Background technology
Malignant tumour is the great chronic disease that threatens human health.The tumour patient that surpasses half need to carry out radiotherapy, but tumour patient radiotherapy untoward reaction individual difference is larger.Solve in the past tumor radiotherapy untoward reaction individual difference, concentrate on the raising of radiotherapy means or technology.Along with completing of molecular biological development and the Human Genome Project, the especially development of pharmacogenomics and radiation genomics, making from the reason of the level of molecule and gene searching tumor radiotherapy untoward reaction individual difference becomes study hotspot.Research finds that some genes or albumen and tumor radiotherapy untoward reaction are closely related, comprises oncogene, cancer suppressor gene, cyclin, apoptosis gene, somatomedin, DNA-repair gene etc.Detect the knubble biological genetic marker of radiotherapy untoward reaction individual difference, in order to before radiotherapy, predicting and evaluating is carried out in untoward reaction, will be conducive to the individualized treatment scheme that the clinician formulates radiotherapy.
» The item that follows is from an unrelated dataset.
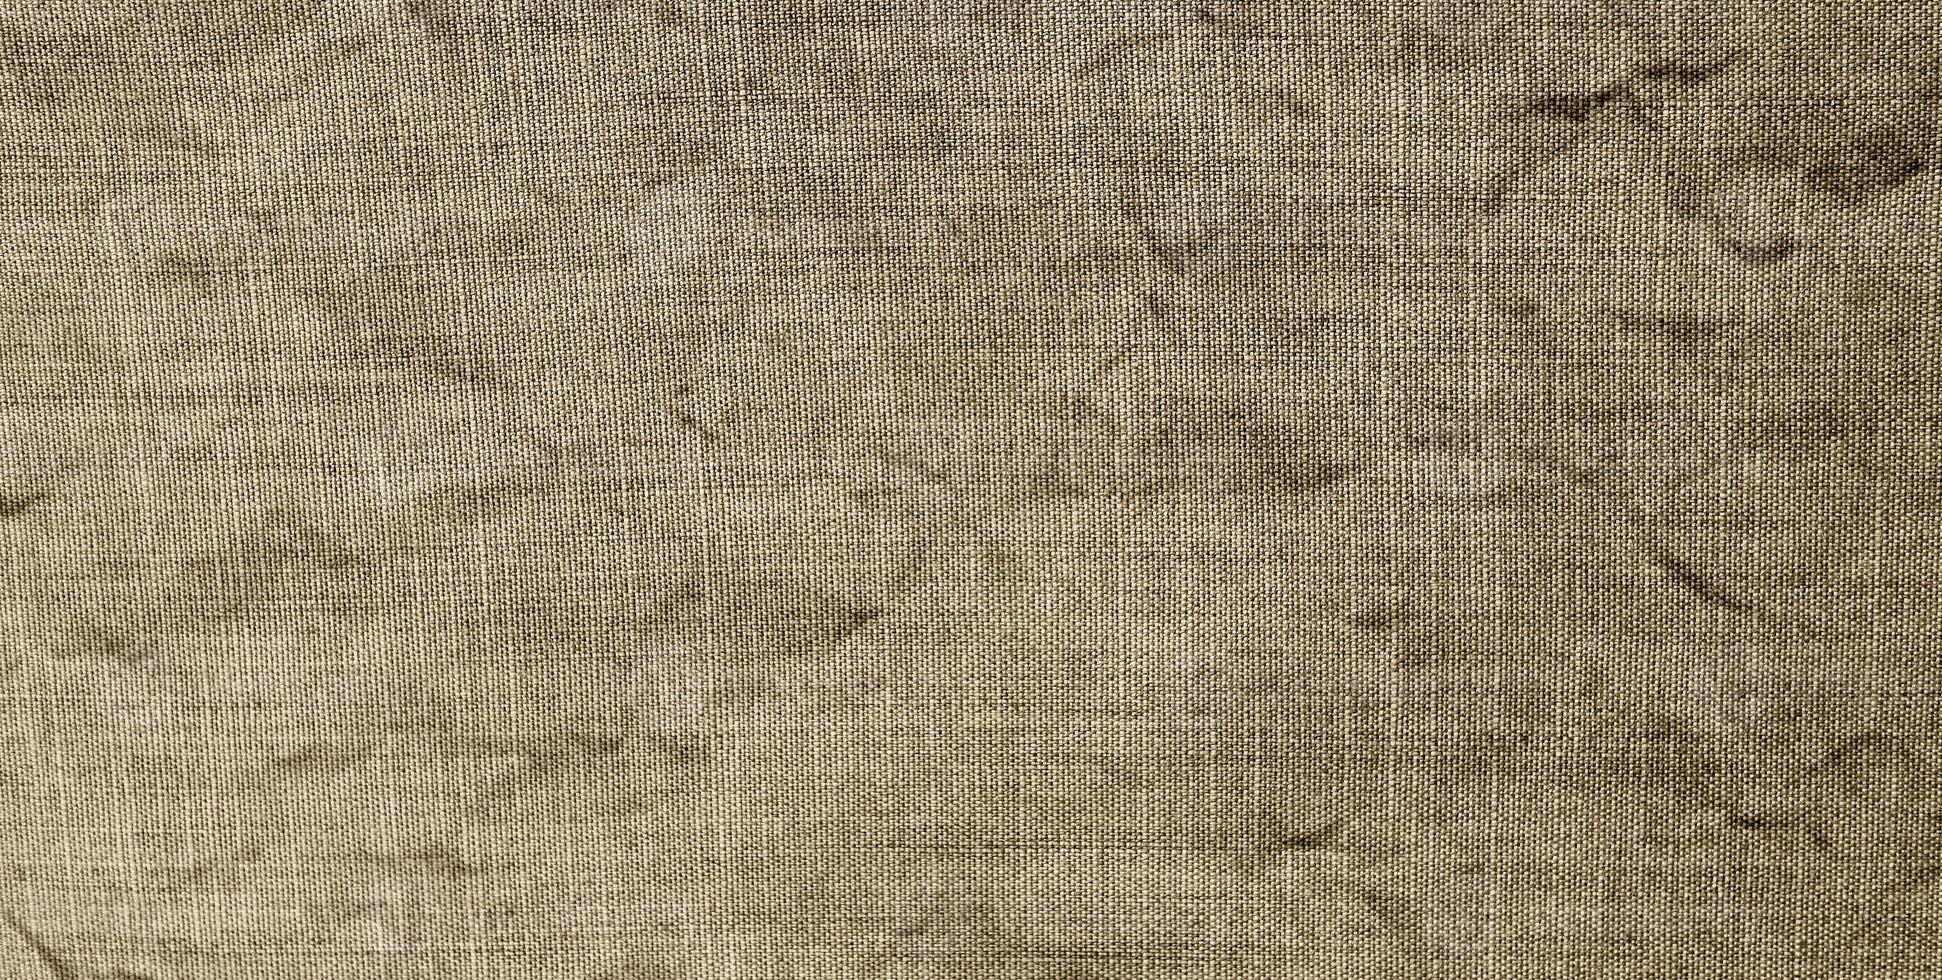 algodão natural ou têxteis de linho. textura de tecido grunge para fundo foto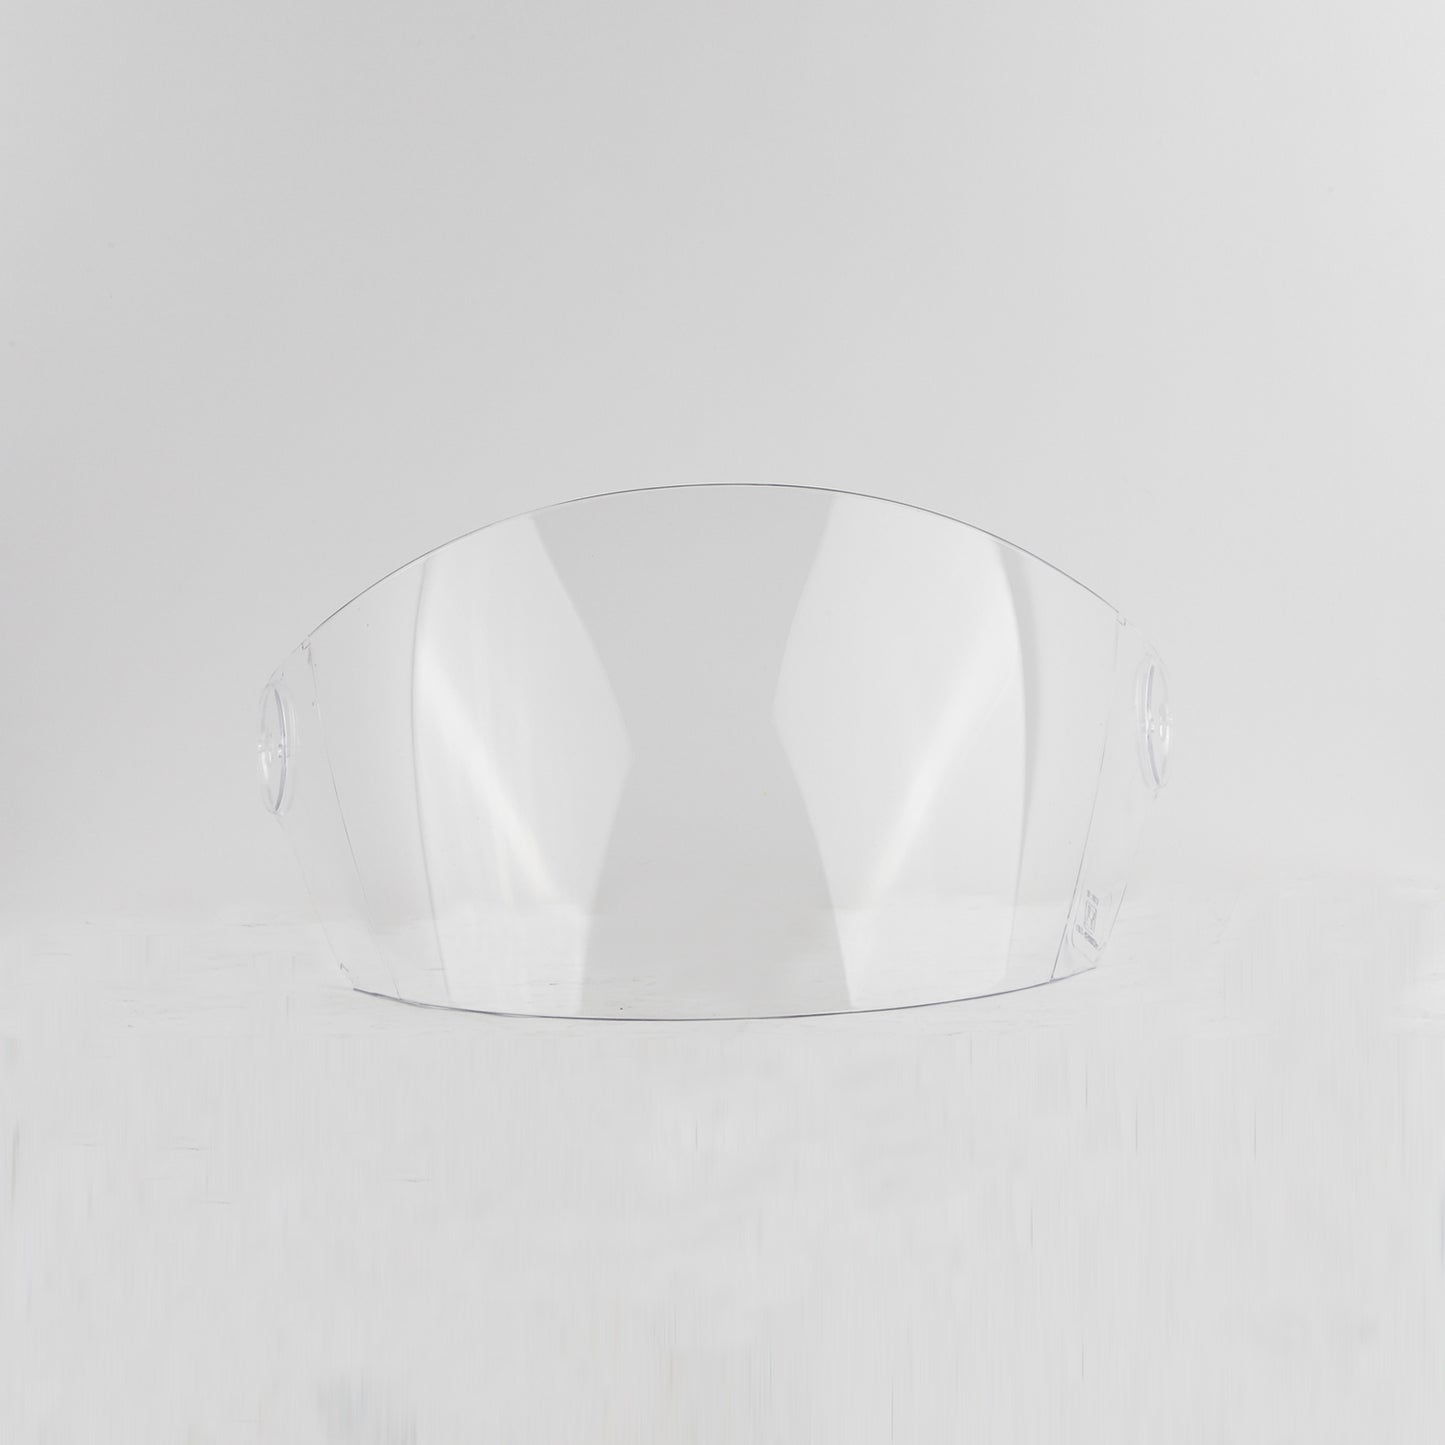 Steelbird SB-29 Helmet Visor Compatible for All SB-29 Model Helmets (Clear Visor)

Biochip technology starts from the reverse south point hybrid experiment of the end of the eighties in last century and south point hybridization at beginning of the nineties contriver Dr.Sountern research and development.The biochip industrial technology is mainly concerned with the aspects such as biochip preparation, biochip applications, biochip information process analysis.Biochip technology has become efficiently, has obtained on a large scale the important means of relevant information.Biochip technology has been widely used in preventive assessment and the numerous areas such as treatment, new drug development, judicial expertise, environmental pollution monitoring and Food Hygiene Surveillance of molecular biology research, disease at present.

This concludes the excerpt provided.